When I sat down for my first day of sixth grade, I never expected that one of the most important people in my life would be sitting a few rows away from me.
I didn’t really know what really friendship meant. There were kids that I hung out with from time to time. Some of them were swimmers like me. Some liked to write like me. I talked to some of them during social studies. But I didn’t know that there could be friends that really change your life.
Our friendship started like that. She was a friend that I could talk to about silly things, like how we didn’t want to run sprints in gym class. She was an athlete like me, a talented gymnast. We didn’t really have time to hang out because we both spent hours and hours practicing. The next thing we knew, we talked through the entire 10 minutes of homeroom, until our teacher was telling us to go back to our desks because the pledge of allegiance was about to start.
We were at each other’s lockers between classes and sitting together in the lunchroom. It was easy. She understood me, and I understood her. We could talk for hours and it was natural. There was something different about my friendship with her than anyone else.
When high school rolled around, life was harder than it had ever been for me. The typical growing up problems came, but more than that, I was having trouble at home. My dad didn’t always do his part. He didn’t show up and it killed me. The pressure of being an elite athlete led to an eating disorder and performance-related anxiety. That was the way the anxiety started. It turned to way more than that as the years went on. I didn’t know how to handle it. I didn’t know what to do with myself.

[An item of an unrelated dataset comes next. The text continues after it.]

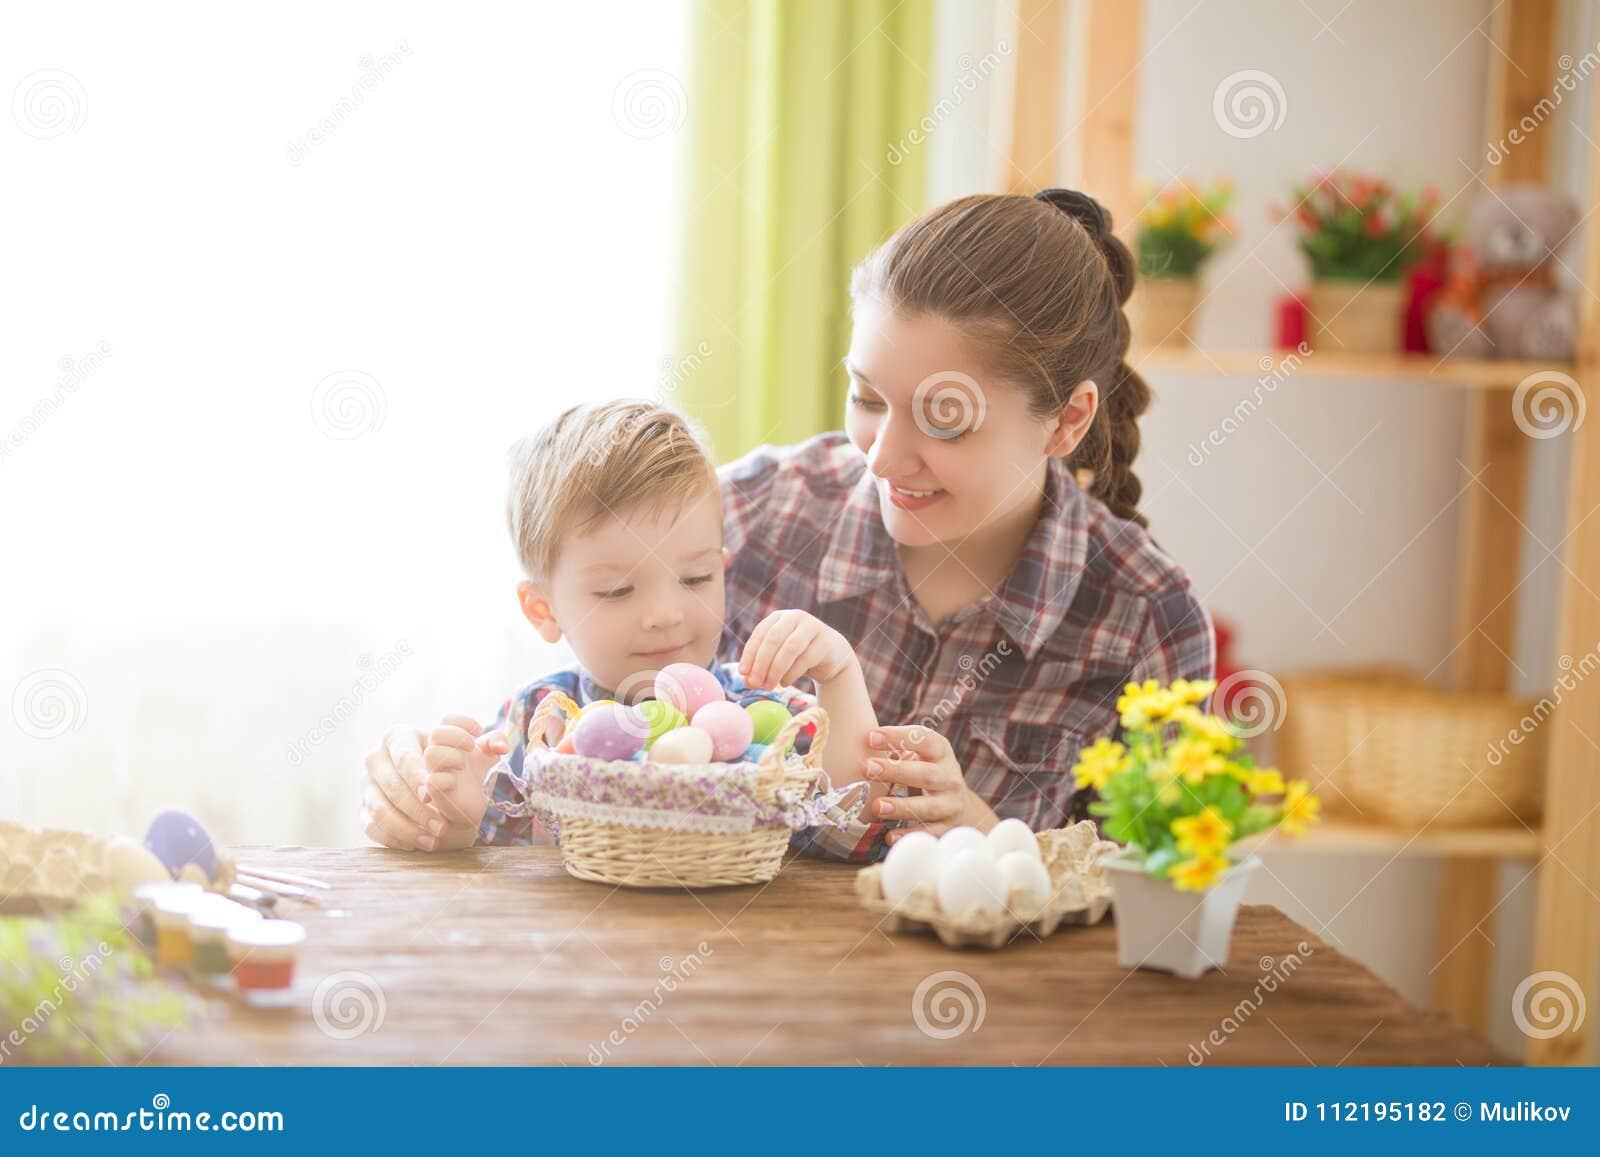 Junges Küken in Wanne, 2 malte Eier und Blumen Glückliche Mutter und ihr nettes Kind, die zu Ostern durch das Malen der Eier fert
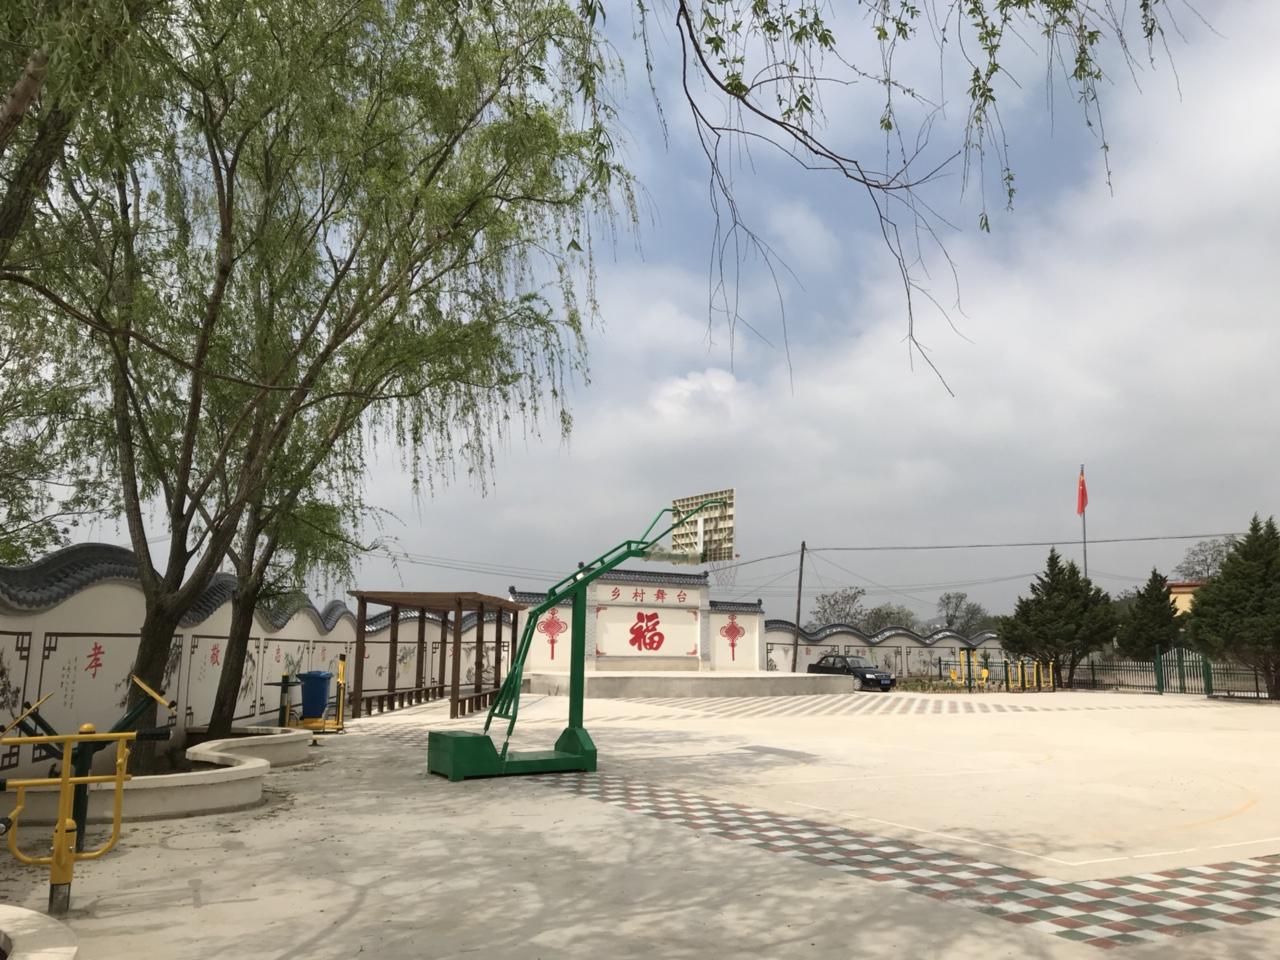 【文化惠民】马关镇东庄村综合文化服务中心风采

For a long time, I wasn’t the easiest person to be around. She stood by me for every minute. She believed in me when things got tough. Her doors were always open when I just needed to cry. She stayed up until 3:00 in the morning to talk me down from panic attacks. She stood by my side even when I was wrong. She was my strength.
I had my other half 5 minutes down the road. At the time, I lived walking distance from our high school. She used to park her car at my house so that we could walk home together. We weren’t in the same homeroom, but we practically lived at each other’s lockers.
I would walk in to my kitchen to my parents talking to her at the dinner table. I don’t know what high school would have been like without her. She has been there every step of the way. First heartbreaks, our first time drinking, prom, every birthday, literally everything.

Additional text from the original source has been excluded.